Muñoz also stressed that people, especially undocumented community members, need to feel safe and welcome at the vaccination sites. “People need to get that sense of both security and feeling that they’re in a safe space,” he said.

“Those 15 or 30 minutes can transform someone’s life, not only in that they received a vaccine … but they’re understanding that there’s going to be a new healthcare system … that’s not going to forget them,” Muñoz said.

Ben Smith, a spokesperson for the City of Providence, described the large scale of the effort. “The City and our partners have performed intensive outreach targeting historically hard-to-reach populations within our neighborhoods hardest hit by COVID-19,” he wrote in an email to The Herald.

He also agreed with the importance of ameliorating the vaccine disparity. “It’s a vital next step to vaccinate all eligible residents in the communities hardest hit,” he wrote. “We want to ensure that these residents have priority access to the vaccine.”

“There exist significant challenges to vaccinating the most vulnerable members of our community, however, including language barriers and overcoming vaccine hesitancy,” he wrote.

Volunteers, including Mayor Jorge Elorza, recently went door-to-door to register community members for vaccination, according to Smith. The city has also tried to do more outreach to communities of color, including by placing advertisements in local Spanish-language radio stations and distributing flyers in multiple languages to increase awareness of the vaccine, Smith added.

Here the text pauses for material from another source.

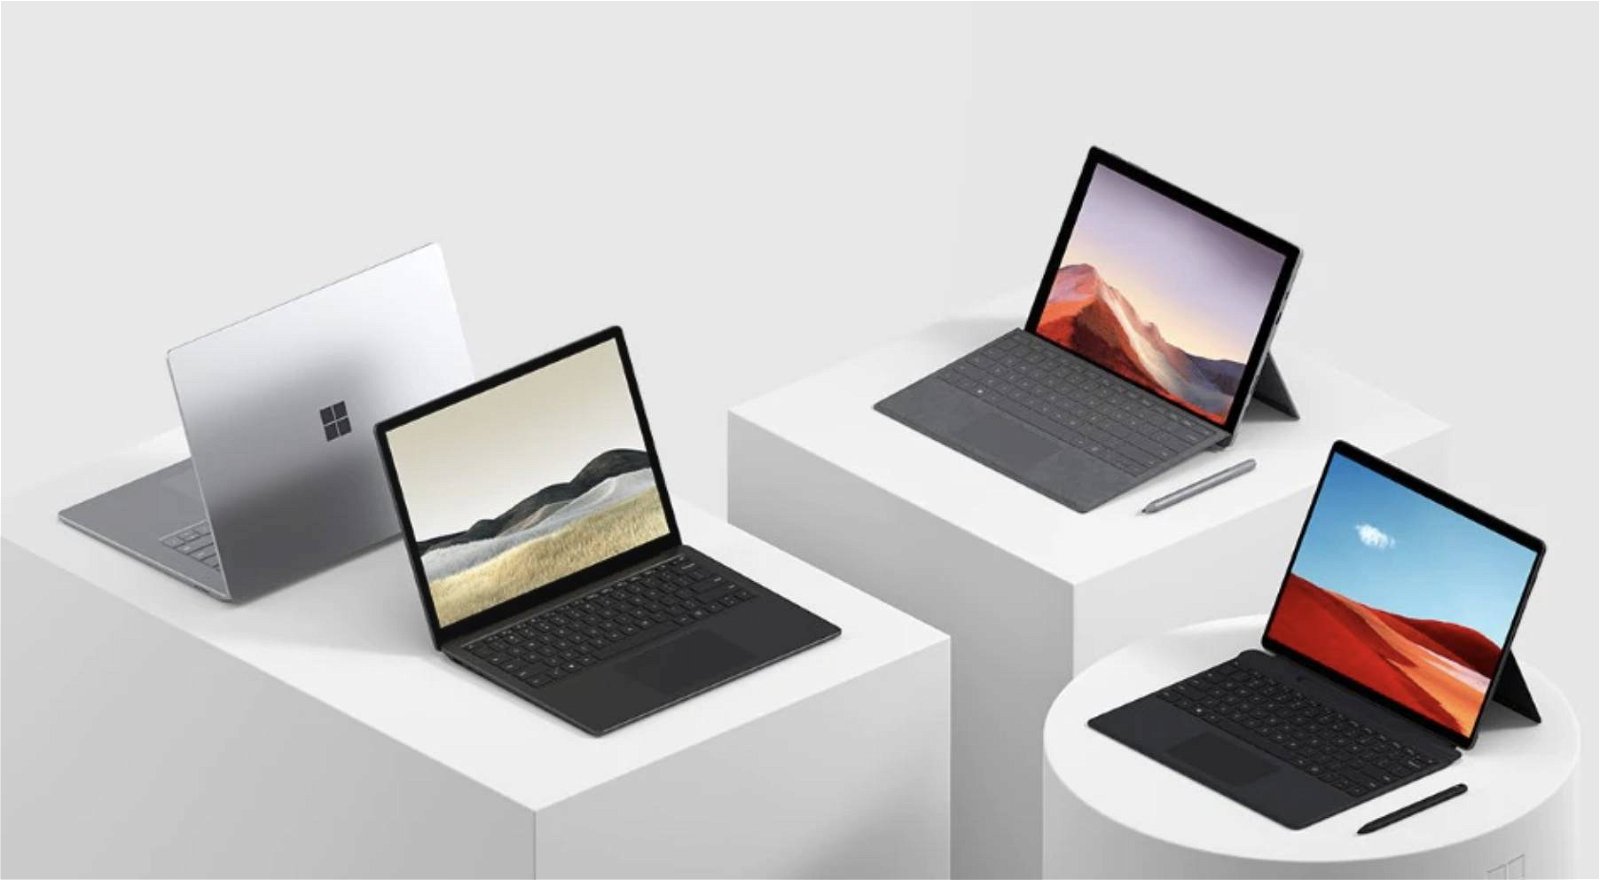 Immagine di Microsoft Surface Days: il momento giusto per acquistare un Surface, sconti fino al 30%!

Tuttle cited additional barriers to ending the disparity. Lack of transportation, financial resources and time due to working multiple jobs are often reasons members of communities of color are prevented from getting the vaccine, he said. Additionally, past actions by the medical industry and the government have led some to distrust the vaccine, he added.

But Muñoz said that the idea of hesitancy requires context. “The narrative of hesitancy is becoming this massive myth. … If you restrict information from getting to a population, and then you blame that population for being hesitant, that is not the fault of the population,” he said. “It’s the fault of the system that is not educating them.”

“Our hope is that with the amount of leaders coming together, with the amount of door knocking, with the solidarity we see here, it’s going to really empower our community,” Muñoz said. “Hopefully we can get to a summer where we’re seeing less lives lost and more families that are able to embrace each other again.”